SPRIND’s initiative will run in three stages over 24 months, according to the agency.
In the first stage, up to ten teams can each receive up to €3 million in funding. Up to six teams will continue to the second stage with funding of up to €8 million each. In the final stage, up to three teams can receive up to €15.5 million each.
Costard said the agency expects “several hundred to thousands of applications” from across Europe.
Is €125 million enough?
However, with the US and China pouring billions into frontier AI, €125 million is unlikely to be enough on its own to give Europe an edge.
“The 125 million euros that we provide are only the first step,” Costard said.
“It is the very explicit goal of this challenge to be able to unlock billions in additional funding. So what we use the 125 million for is kind of building the tech to a stage where we really see the potential of these new AI paradigms that we are after,” he added.
For a company to “provide the billions in euros”, which Costard says will definitely be possible, he believes Europe needs to focus less on improving current AI systems and more on trying to develop entirely new approaches.
“We cannot try to compete with today’s Anthropic and their products,” he said. “We need to rely on our ability to create new paradigms, new capabilities for AI that the current methods cannot develop,” Costard said.
Smoother public funding will be key for Europe in the AI race
Part of the initiative is also tied to a wider European debate about technology sovereignty and startup growth.
European policymakers and founders have increasingly argued that promising startups often struggle to scale in Europe and eventually move to the US.

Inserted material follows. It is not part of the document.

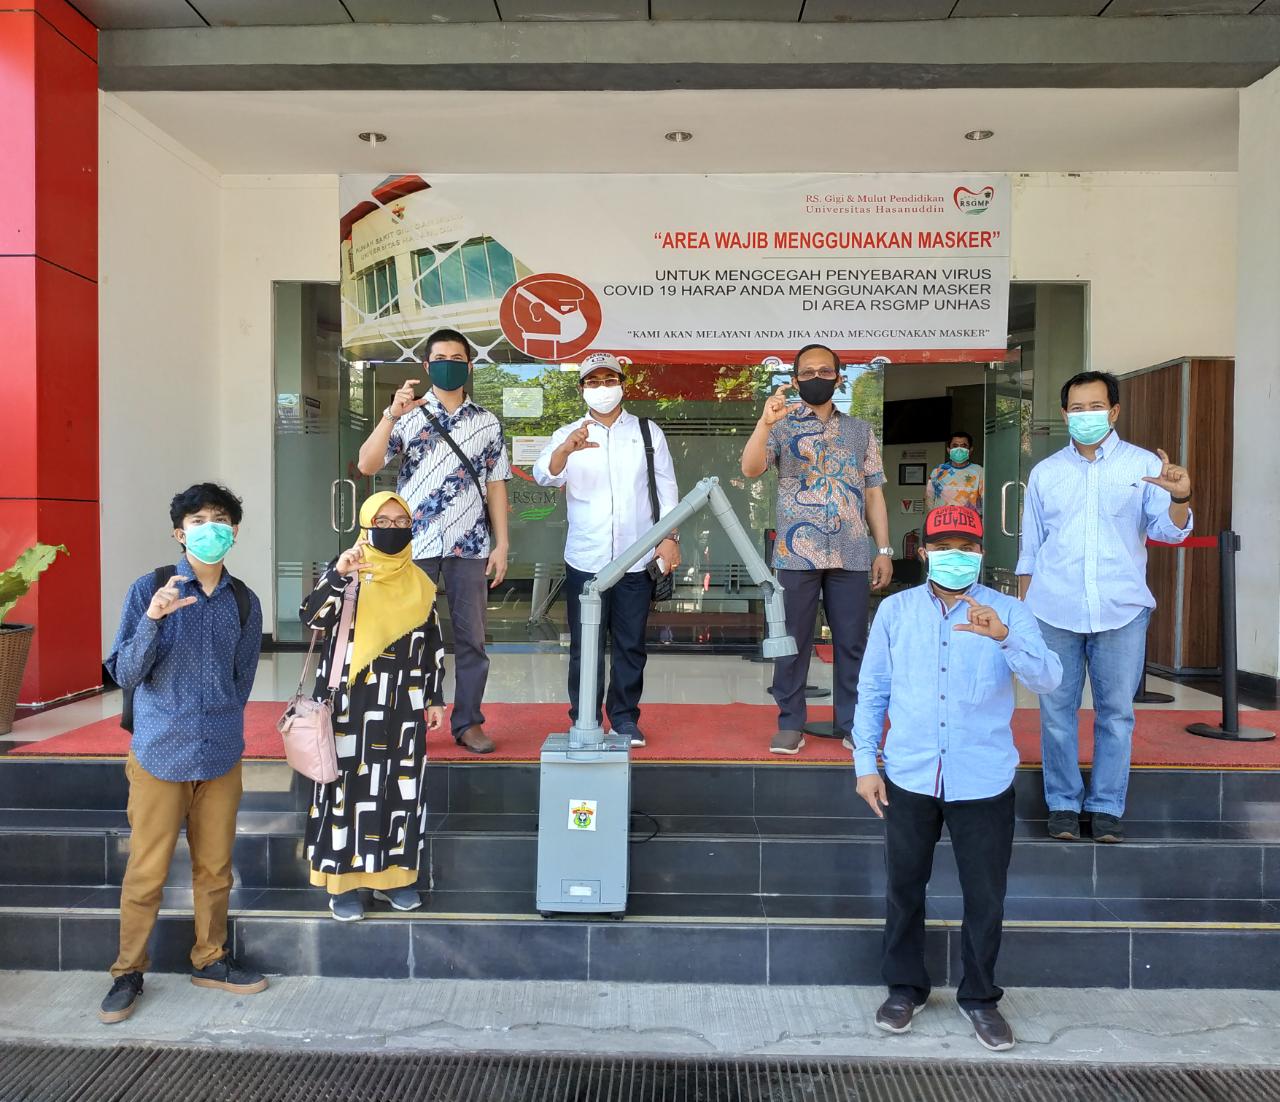 A team at Universitas Hasanuddin (UNHAS) under the leadership of an Australia Awards alumnus Dr Muhammad Anshar developed a dental care tool reducing aerosol viral load that is now in use at the Dental and Oral Hospital of UNHAS.

In March, the European Commission formally proposed the EU Inc, a single company law across the continent.
While Costard agrees that a more borderless European startup environment would help, he said public funding also needs to become faster and less cumbersome if Europe wants to keep top AI talent.
According to Costard, Europe’s best chance may lie in its own strengths such as industrial data, manufacturing know-how and privacy-focused AI.
“We don’t lack in the research pedigree,” Costard said.
“It’s not that we lack the technological ability. I think what we lack is the ability to translate that into companies, into products and services that make up the Anthropic, the OpenAI, the DeepSeek of our time”.